Apesar de ser um símbolo maior da cultura britânica, Jane Austen tem seduzido diversos cineastas norte-americanos – como é o caso de Whit Stillman, que não resistiu a adaptar “Lady Susan” para o grande ecrã. Segundo os especialistas, trata-se de uma obra escrita no início da carreira de Austen – que teria apenas 19 ou 20 anos quando a passou para o papel -, pese embora tenha sido publicada postumamente. E, ao contrário de personagens mais benignas – como Lizzie Bennett ou Emma Woodhouse -, Lady Susan Vernon (Kate Beckinsale) não olha a meios para atingir os fins. Ardilosa e sofisticada, a bela viúva é descrita pela própria cunhada, Mrs Catherine Vernon (Emma Greenwell), como “a serpente do Paraíso”.

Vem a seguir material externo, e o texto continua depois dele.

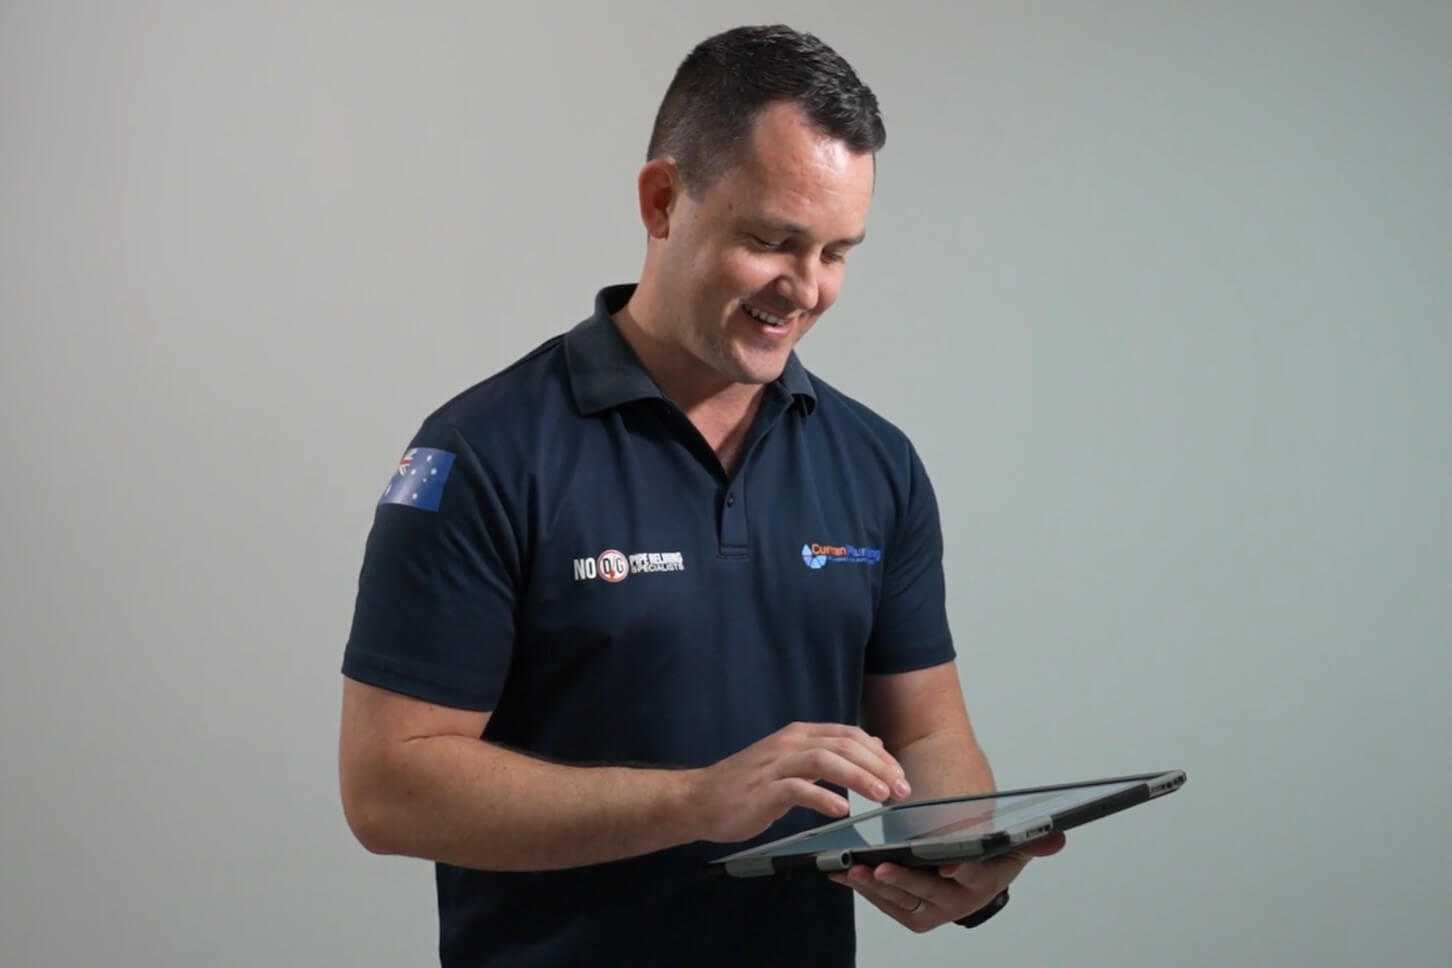 Plumber wearing navy top looking at FlatRateNOW on a tablet
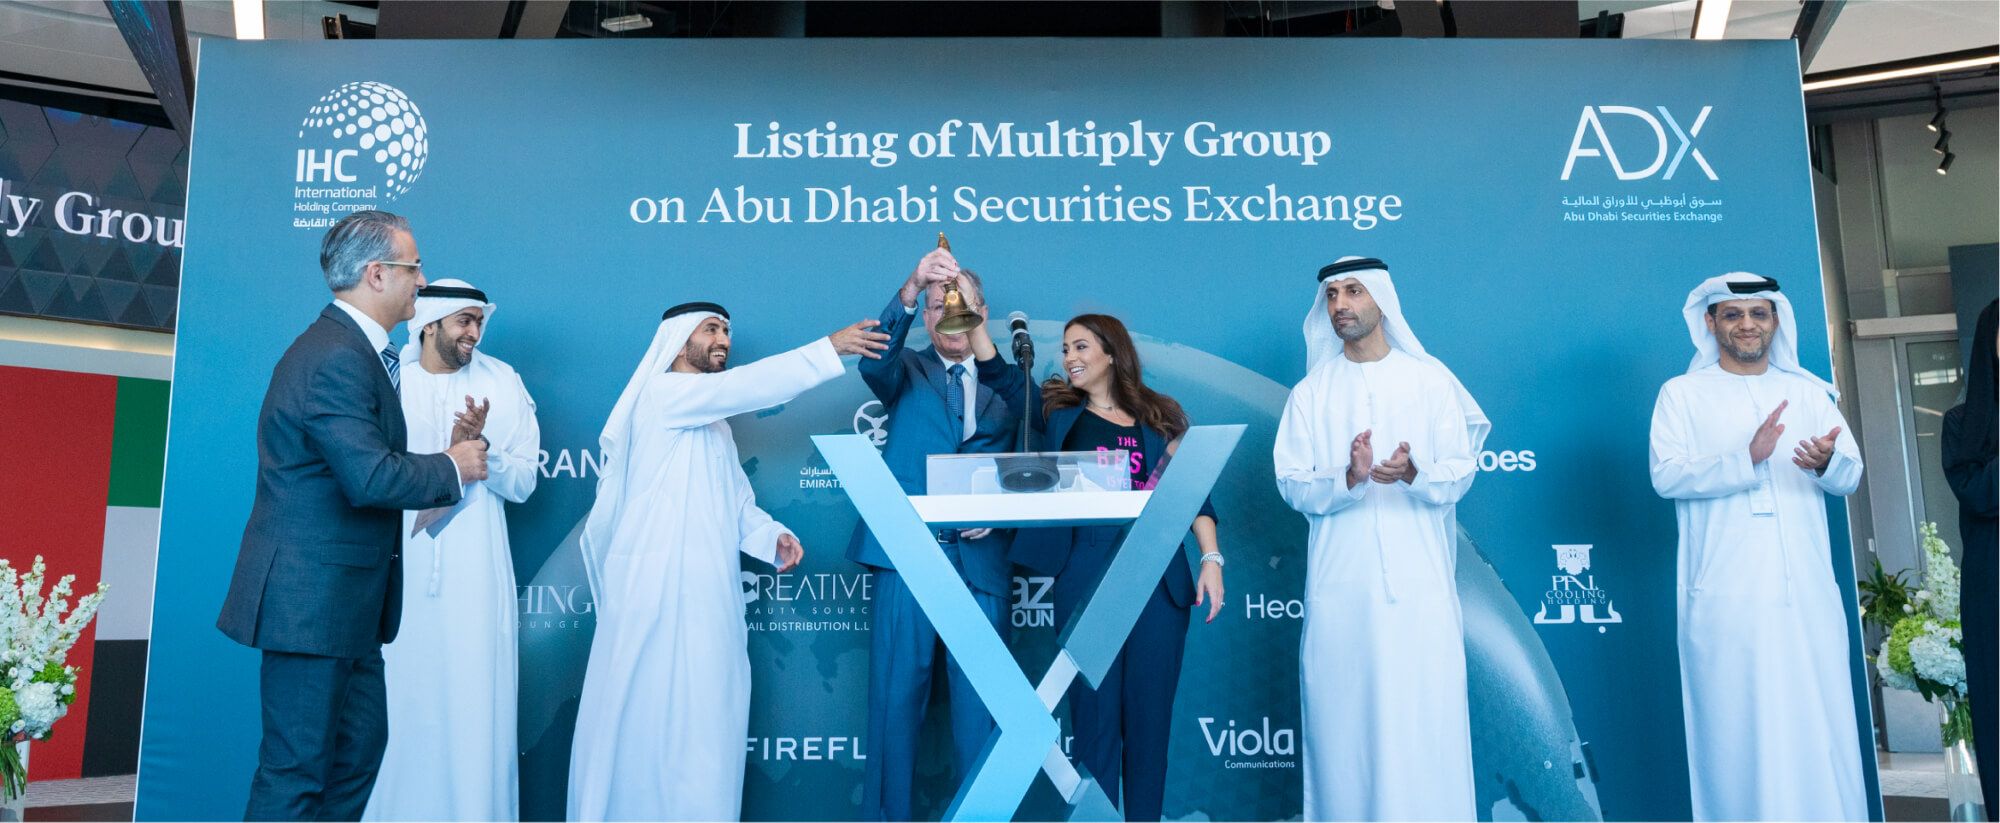 Shares in Multiply Group end first day of trading 80% higher than pre-listing valuation

Depauperada e com uma filha – Frederica (Morfydd Clark) – a seu cargo, Lady Susan chega a Churchill com um único objectivo em mente: garantir um futuro com estabilidade financeira. Para tal, o “alvo a abater” será Reginald De Courcy (o australiano Xavier Samuel, que já pudemos ver na saga “Twilight”), irmão mais novo de Lady Catherine, com quem pretende dar o nó. Depois de tentar a sorte com Lord Manwaring, a primeira personagem a ser apresentada como “um homem divinamente atraente”, eis que a protagonista decide “deixá-lo cair”, uma vez que pesa sobre ele um terrível inconveniente: Lord Manwaring é casado. Logo, a disponibilidade e a inocência de De Courcy vão ao encontro dos seus desígnios. E é aqui que “Amor e Amizade” (“Love & Friendship” no original) se converte numa master class de manipulação: sempre que há suspeitas em torno do carácter de Lady Susan, rapidamente são dissipadas; sempre que surgem rumores indiscretos sobre o seu passado, depressa se desvanecem. Lady Susan manipula toda a gente em seu redor com a habilidade de um político experiente sem nunca perder a compostura. Para tal contribui o facto de nunca abandonar o luto, exibindo um aspecto de viúva respeitável.
Mesmo no momento em que Frederica se apresenta como uma ameaça aos seus planos, Lady Susan não desarma: em modo de retaliação, convida Sir James Martin (Tom Bennett) a visitá-las em Churchill, prometendo-lhe a mão da filha. O problema é que esta foge de Sir James como o diabo da cruz, já que se trata do tolo da companhia. “Mas o casamento é para toda a vida!”, protesta Frederica. Ao que a mãe habilmente responde: “Não foi o meu caso.” E, embora haja inúmeras situações caricatas em torno deste convidado – desde crer que existem Doze Mandamentos a procurar uma igreja (church) e uma colina (hill) em Churchill -, a viúva insiste: “Ele é bastante tonto, mas não deixa de ter um certo charme.”
Tudo isto acontece sob o olhar atento da norte-americana Mrs Alicia Johnson (Chloe Sevigny), a sua única amiga e confidente. Apesar de ser a aliada perfeita, pois estamos perante uma mulher sem escrúpulos, Mrs Johnson tem, segundo Lady Susan, um grave defeito: é casada com um homem “demasiado velho para obedecer e demasiado novo para morrer.” (Stephen Fry é o marido em questão, num papel um tudo-nada incipiente para se fazer notar.) Embora Stillman tenha retirado esta frase da novela de Austen, não deixou de introduzir a sua própria marca – como na cena em que o pai de De Courcy (James Fleet) lê uma carta em voz alta, insistindo em referir toda a pontuação.
Este é, aliás, o principal motivo por que este filme se tornou um projecto tão bem-sucedido: os diálogos, muitas vezes assumindo o ritmo de uma screwball comedy, estão repletos de humor e nunca há a tentação de redimir Lady Susan, que guarda a sua jogada mais brilhante para o fim. Kate Beckinsale, que já tinha desempenhado o papel de Emma Woodhouse sob a direcção de Whit Stillman, é absolutamente primorosa. Nunca a perfídia teve tanta graça. Nunca uma comédia de costumes foi tão encantadora. Será difícil ultrapassar a fasquia.